The legal argument that could either protect copyright forever — or blow it up entirely.

Here’s a thought experiment for you: If courts let AI companies download and train on virtually any copyrighted work they please, what’s the legal argument stopping you from doing the same?

You can’t make one. That’s the point.

Yet this is one of the arguments GenAI companies make: Their models simply learn from copyrighted works, much like humans, and since the use of the material (training a model so it can “learn”) is permitted by fair use, just as humans are allowed to learn from materials we read, they should be able to collect and use any copyrighted works they want to train their models without authorization or payment. 

In Unfair Learning: GenAI Exceptionalism and Copyright Law, published in the Chicago-Kent Journal of Intellectual Property, I methodically dismantle the case that generative AI deserves a blanket free pass under copyright’s “fair use” doctrine, not by arguing that AI companies are wrong, but by showing that their logic proves too much.

The Setup: Billions of Stolen Words

Here’s what’s not in dispute: Training a capable AI model requires trillions of tokens, overwhelmingly formed from copyrighted books, articles, songs, and web pages. GenAI companies collect this material by scraping the web at an industrial scale, usually without asking permission or paying anyone.

They defend this under fair use, copyright law’s safety valve that permits certain unauthorized uses of copyrighted works. Their core argument is always along the lines of: We’re not reproducing these works for their own sake. We’re transforming them into something new. The input is a novel, but the output is a chatbot. That’s transformative. That’s fair use.
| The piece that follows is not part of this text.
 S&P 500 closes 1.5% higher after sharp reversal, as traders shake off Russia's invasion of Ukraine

The stakes are astronomical. One lawsuit against OpenAI alone involves more than 10 million works, with potential damages of up to $150,000 per infringement, theoretically totaling $1.5 trillion. In reality, the court would probably “only” order them to pay perhaps a few billion dollars at the high end, but for GenAI companies without a ton of cash on hand, that threat is still existential. If plaintiffs from different lawsuits each win billions, even OpenAI and Anthropic could be in dire straits.
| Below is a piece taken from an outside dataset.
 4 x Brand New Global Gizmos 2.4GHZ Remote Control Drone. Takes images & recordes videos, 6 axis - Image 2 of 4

The Reductio: What About Me?

The paper’s core move is elegant and a little devious. I take every argument GenAI companies make for fair use and ask: Does this apply to humans, too?

The answer, perhaps surprisingly, is yes — and often more so. Consider the following:

“The use is transformative.”

GenAI companies turn copyrighted inputs into novel outputs. So do humans who read a book and then write something. In fact, humans are better at transformation: We’re incapable of memorizing most of what we read, making our outputs inherently more original.
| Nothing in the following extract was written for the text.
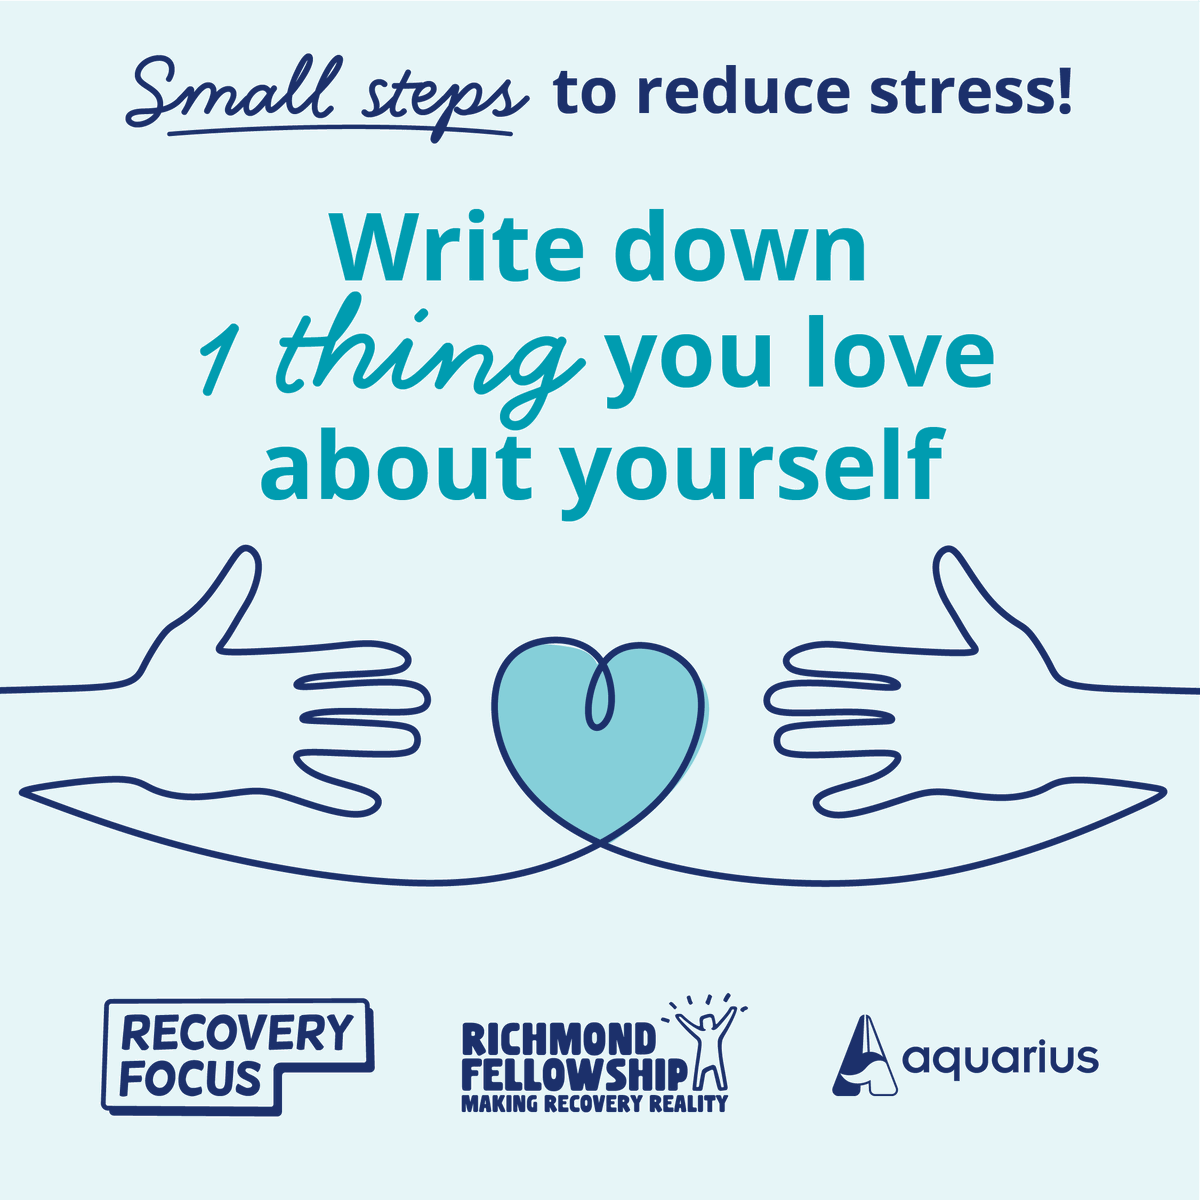 It’s easy to lose sight of everything we’ve achieved when we’re stressed. Journalling helps us to positively reframe our mindset ✍️ Start small & try journalling for just 2 minutes each day. #LittleByLittle #StressAwarenessMonth

“We only extract underlying ideas, not expression.”

GenAI companies claim it’s just “learning” facts and patterns, not copying creative expression. Humans do roughly the same thing when we learn. And we’re less likely to accidentally quote a paragraph verbatim, which makes us less likely to infringe.

“It doesn’t harm the market.”

GenAI companies argue that their outputs don’t compete with the original works. Human outputs compete even less, since we can’t generate hundreds of novels a minute.

If the legal logic works for the machine, it works better for the person.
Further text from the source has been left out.